Deoxyribonucleic Acid (DNA) contains coded genetic information in the form of nucleotides sequences. Nucleotides are monomers of DNA that are composed of a five-carbon sugar, nitrogenous base and phosphate group. There are four possible bases: cytosine, adenine, guanine and thymine. Double helix formation is based on complementary base pairing rules where adenine and thymine are paired with two hydrogen bonds, whilst cytosine and guanine are paired with three hydrogen bonds. Nucleotides on the same strand are bonded together by forming phosphodiester bonds between the 5th carbon of one nucleotide, and the 3rd carbon of the adjacent nucleotide. In cells, the DNA double helix is wrapped around histone proteins that supercoil to form chromosomes – located in nucleus. This genetic information is passed to offspring through genetic recombination, where both chromosomes present in male and female gametes experience cross-over to produce alleles.
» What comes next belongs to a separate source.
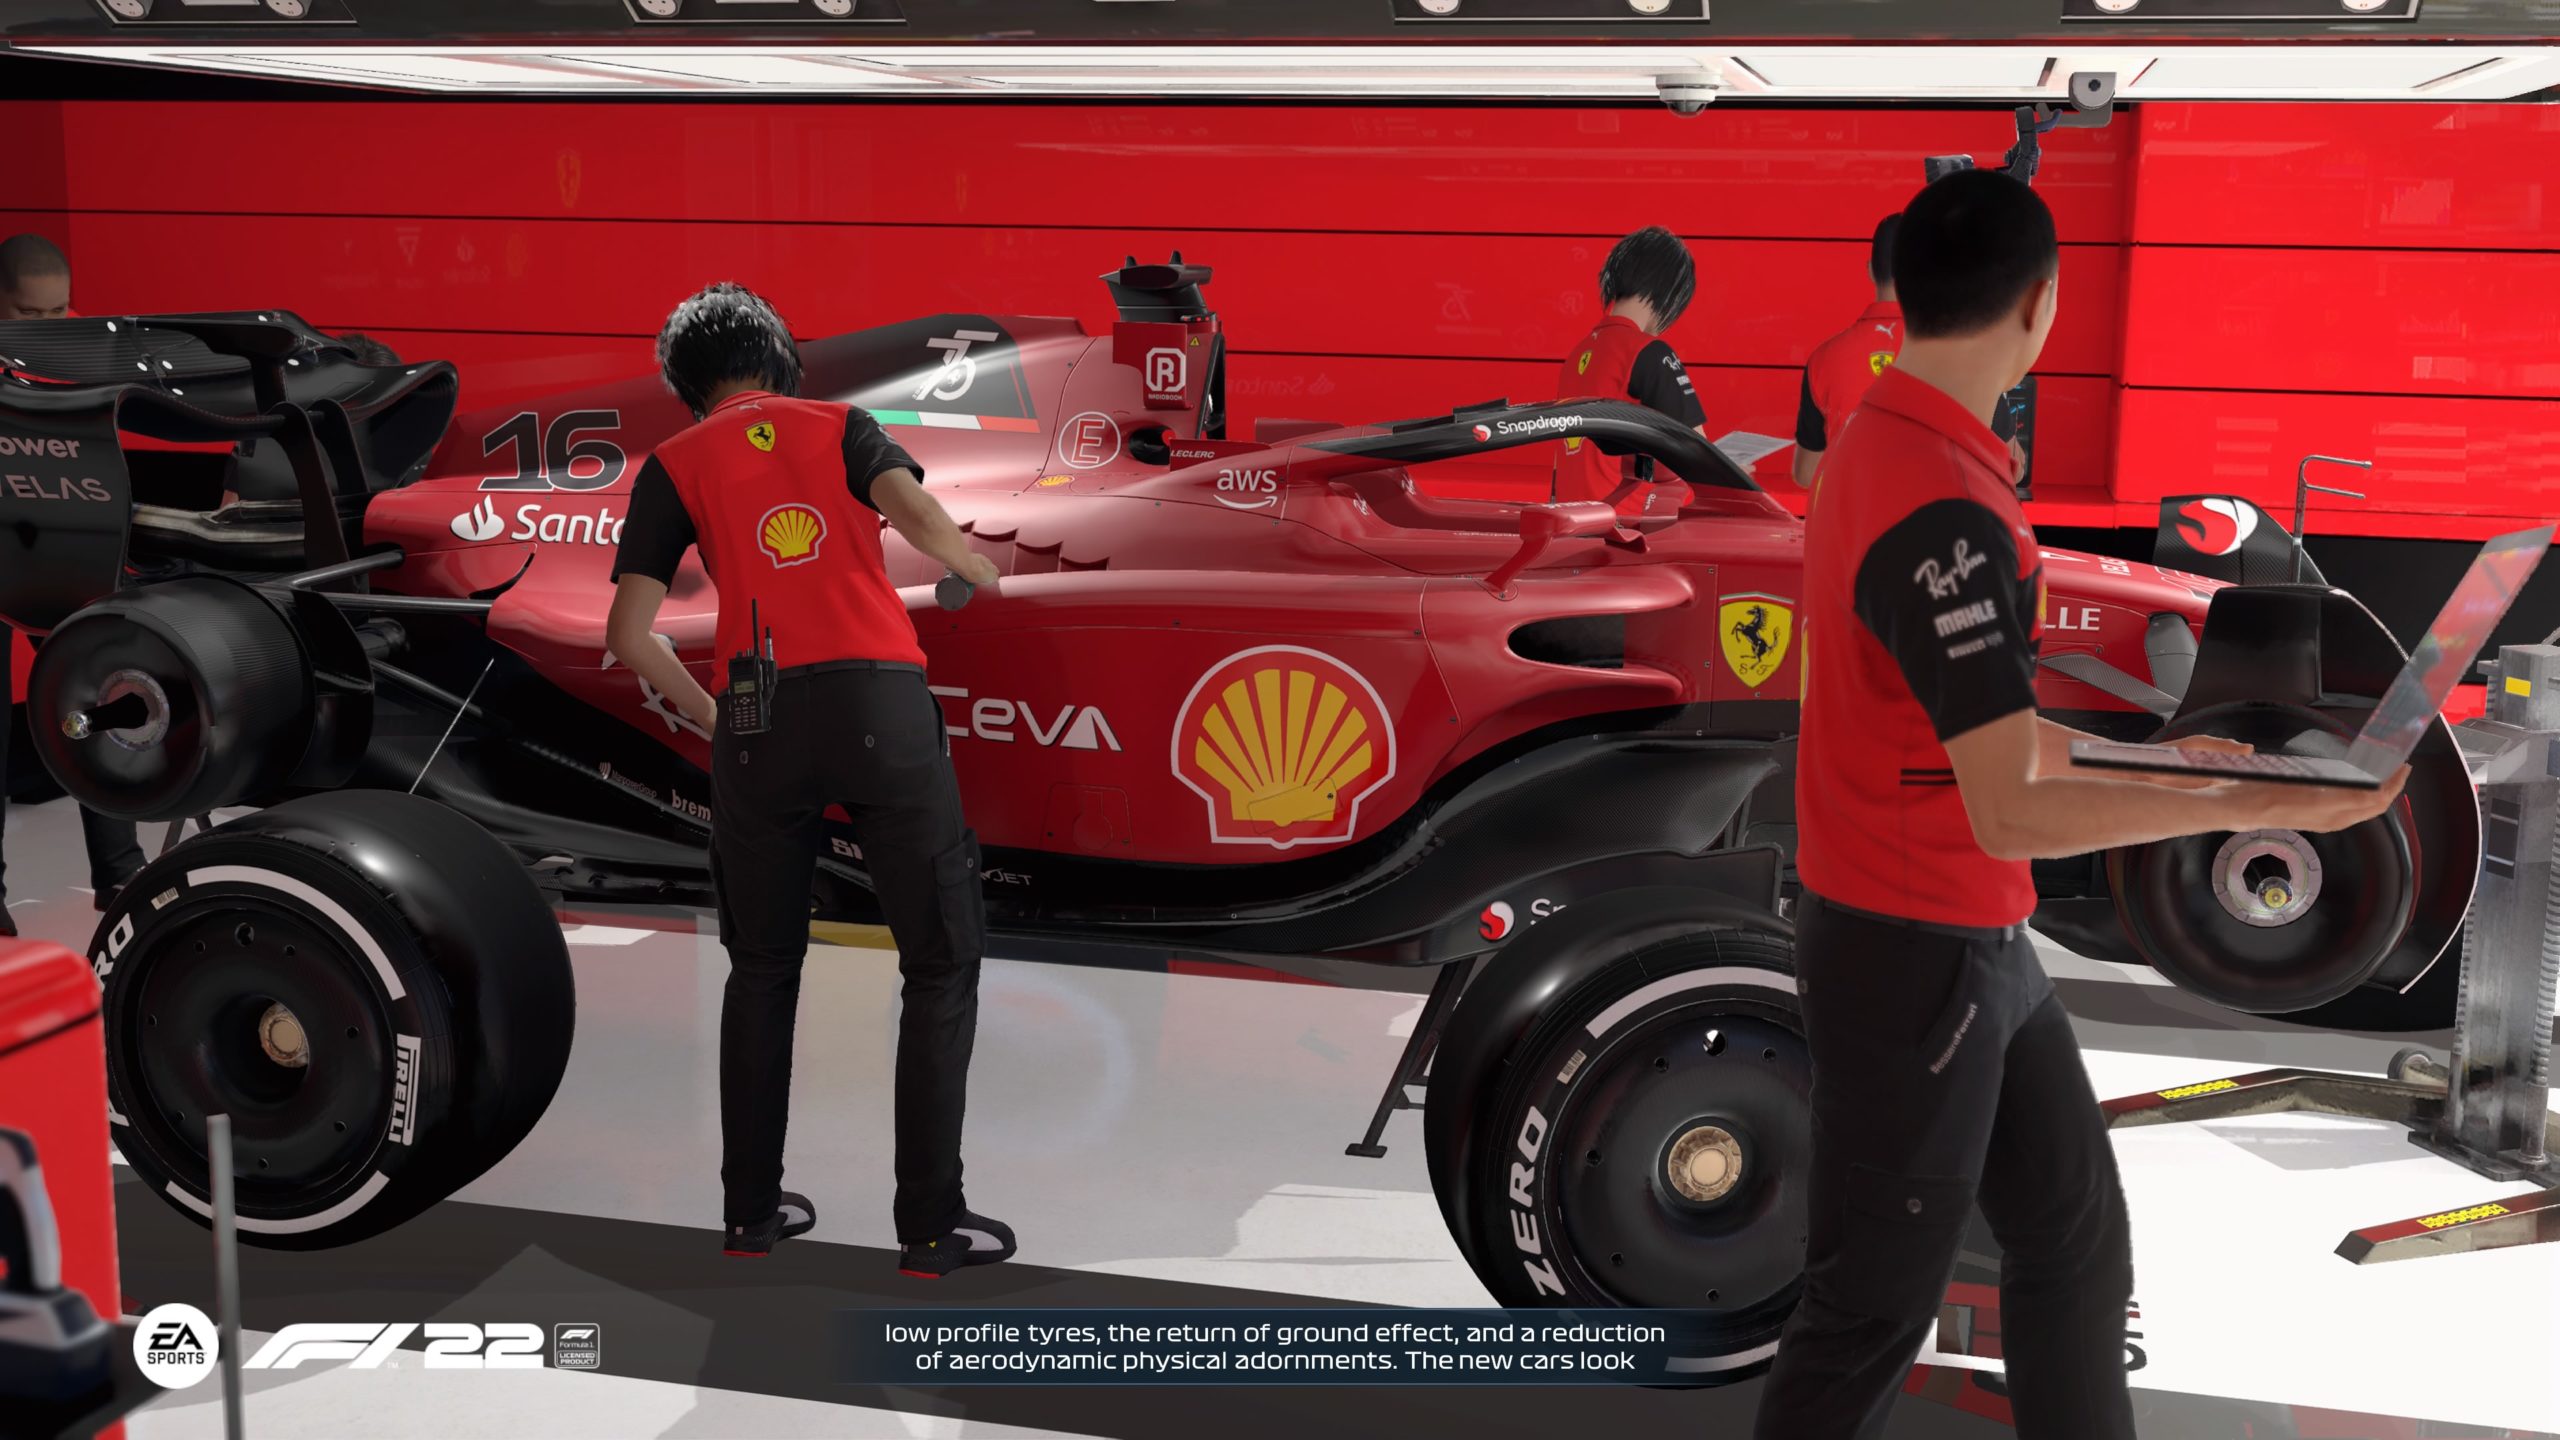 Inside the Ferrari's pit station

Three nucleotide bases forms a codon, which is then transcripted and translated to match to a specific amino acid in protein synthesis. As more codons are processed, more amino acids are added to the growing chain on the polypeptide – this eventually forms proteins. DNA is constantly being replicated for growth and replacement of degraded DNA. One parent strand of DNA can replicated to produce two strands of identical DNA.
Errors in the genetic code can lead to mutations developing that either show no overall change, benefit the organism or be detrimental to overall fitness. Mutations that occur in non-coding satellite DNA, this usually produces no overall change in phenotypic expression. Mutations that occur in coding DNA can either bring about benefits in fitness, or produce genetic disorders or cancerous tumors. Tumors are the result of unregulated cell growth and replication, whereby changes in the DNA cause the exclusion of cell apoptosis and cell repair functions.